■ MATERIAL FOR THIS TASK ■

++++++++++++++++++++

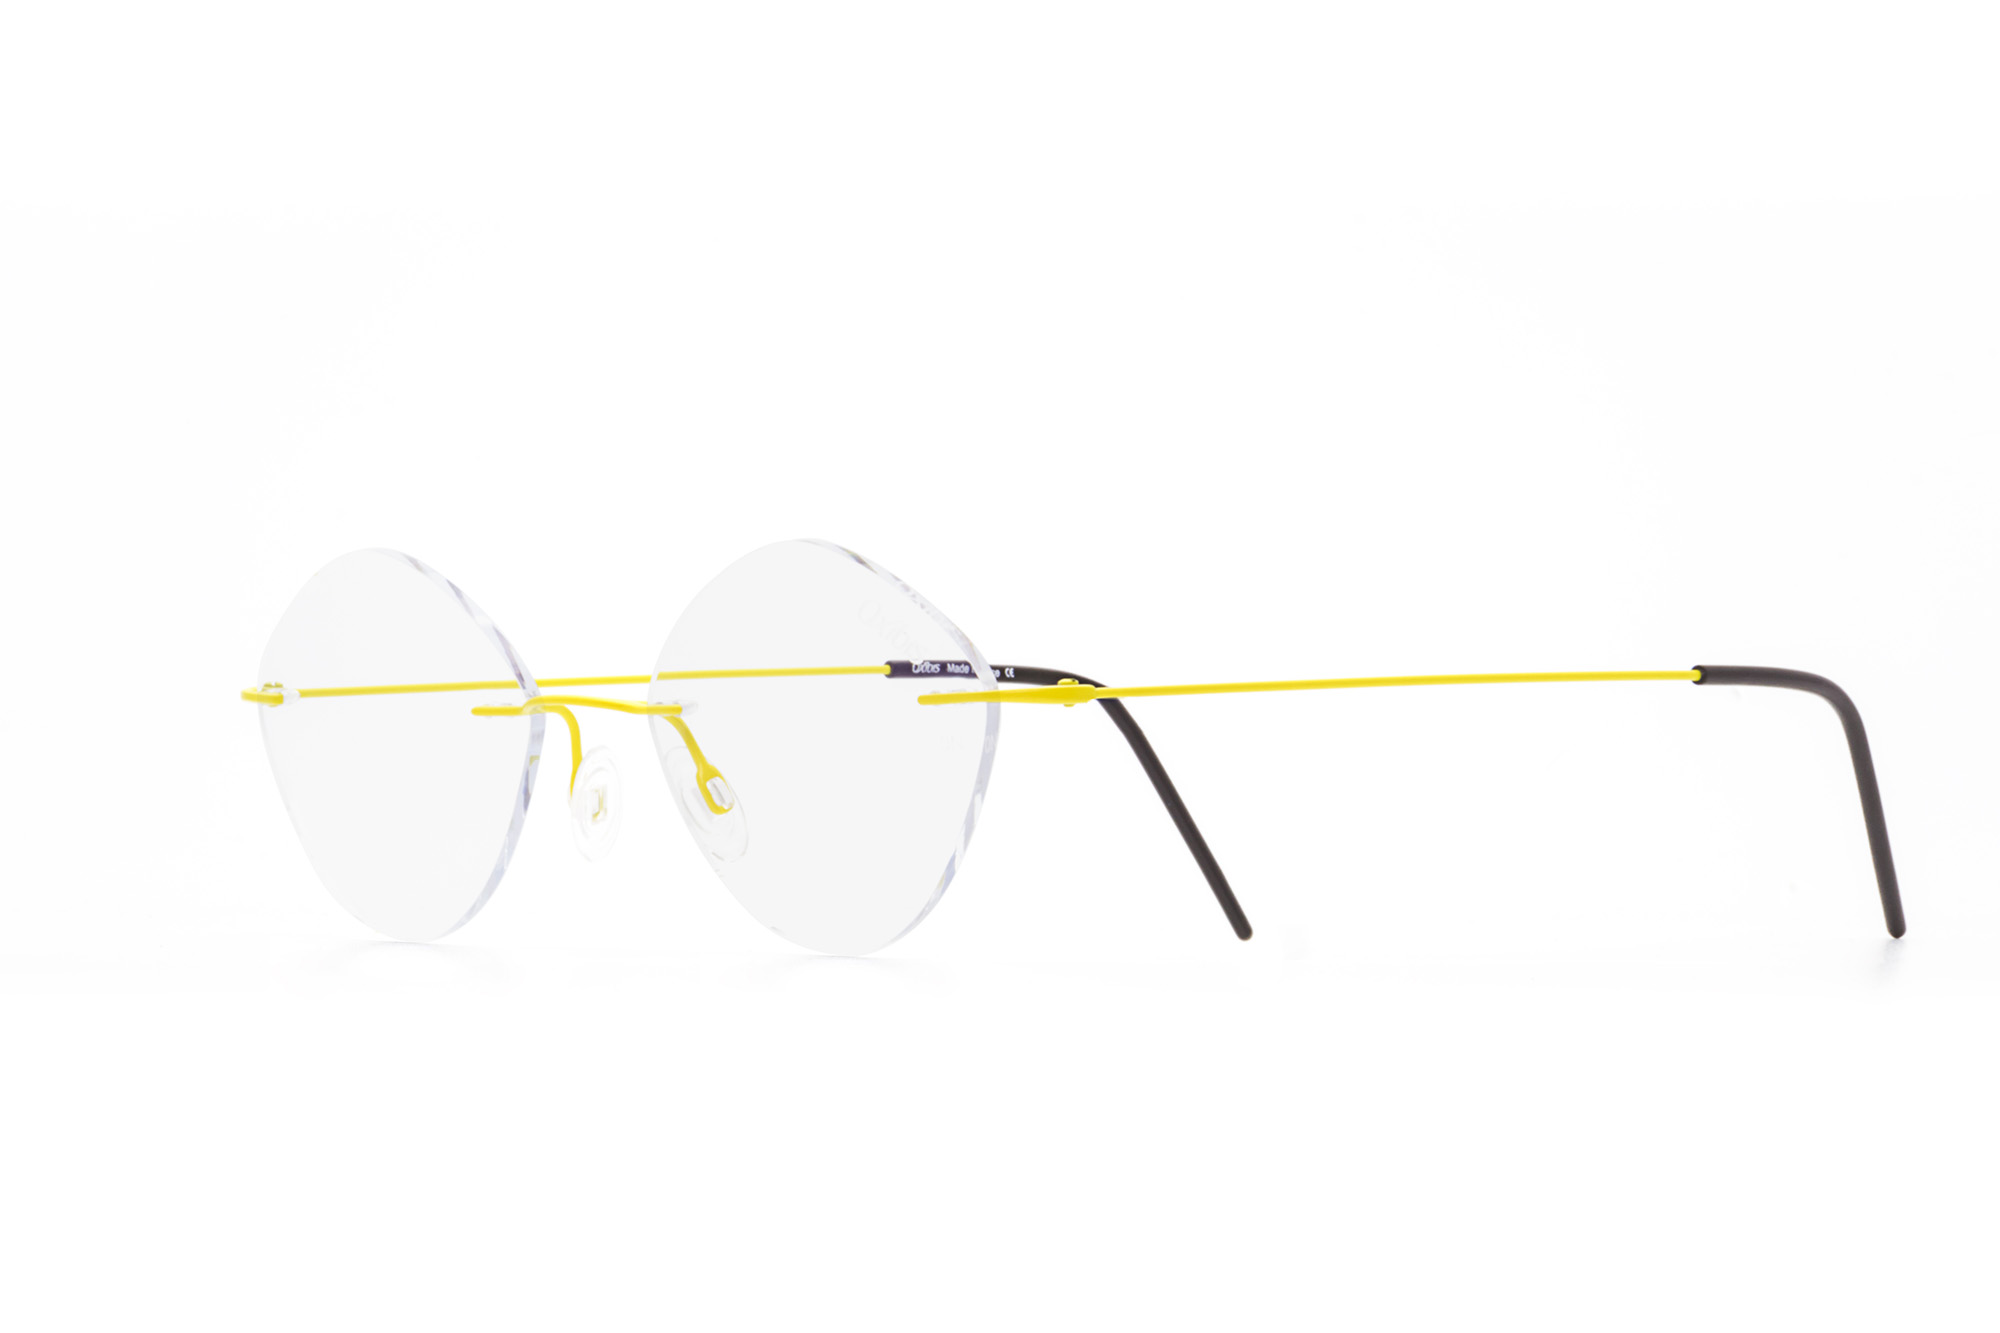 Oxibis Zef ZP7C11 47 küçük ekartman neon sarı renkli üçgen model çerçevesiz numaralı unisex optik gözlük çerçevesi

++++++++++++++++++++

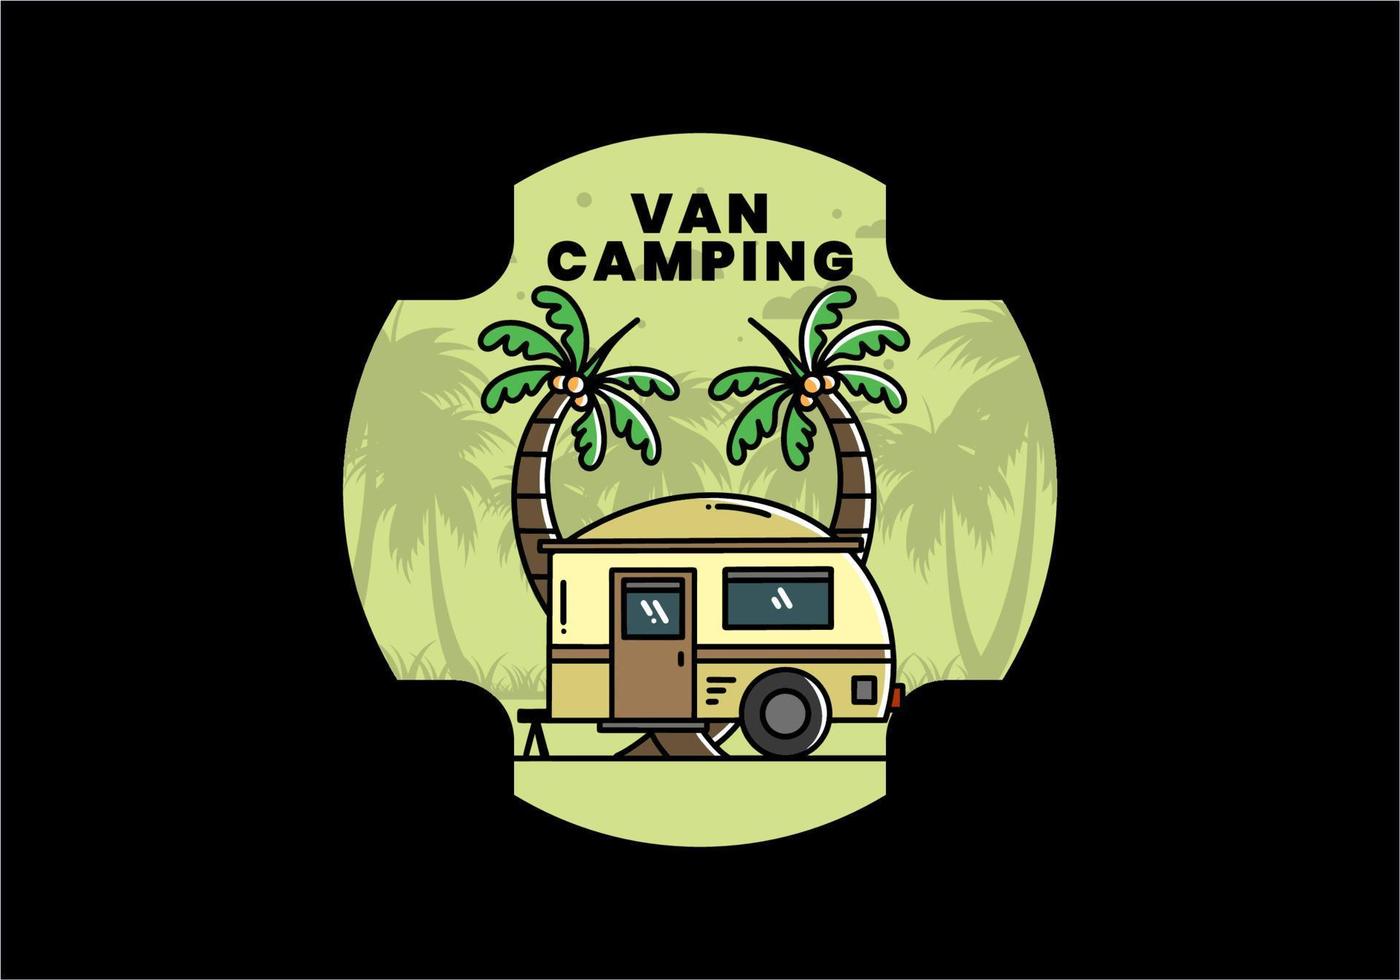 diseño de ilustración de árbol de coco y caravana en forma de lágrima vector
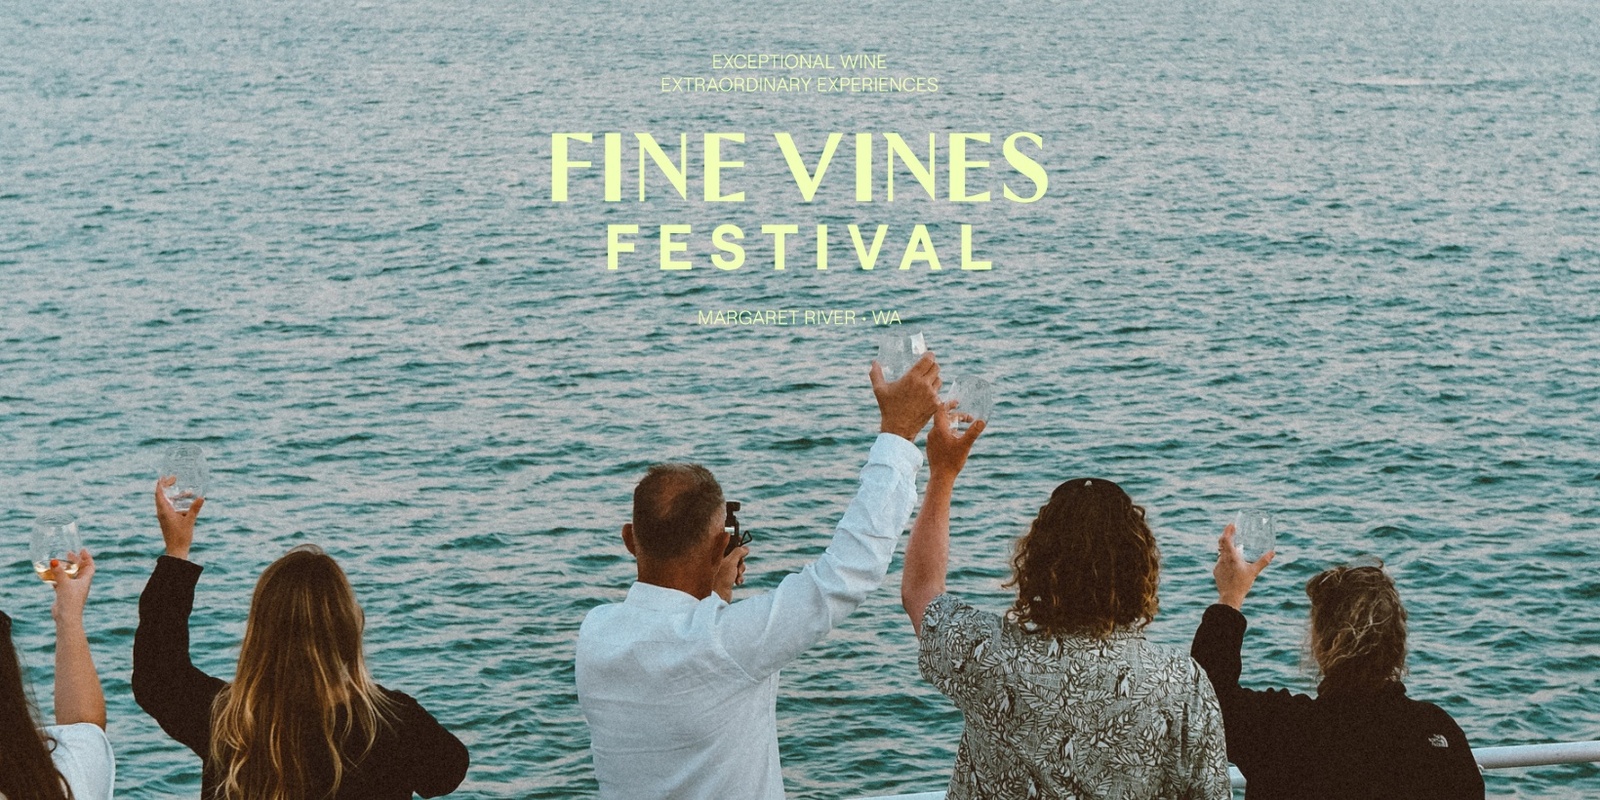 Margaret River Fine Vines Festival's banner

++++++++++++++++++++

■ EXERCISE GOAL ■
The copy should hold exactly the lines above from the one with "diseño de ilustración" through the one with "Margaret River Fine Vines Festival's banner", both ends counted, and no pictures at all.

■ RESPONSE TO THE EXERCISE ■
 diseño de ilustración de árbol de coco y caravana en forma de lágrima vector
 Margaret River Fine Vines Festival's banner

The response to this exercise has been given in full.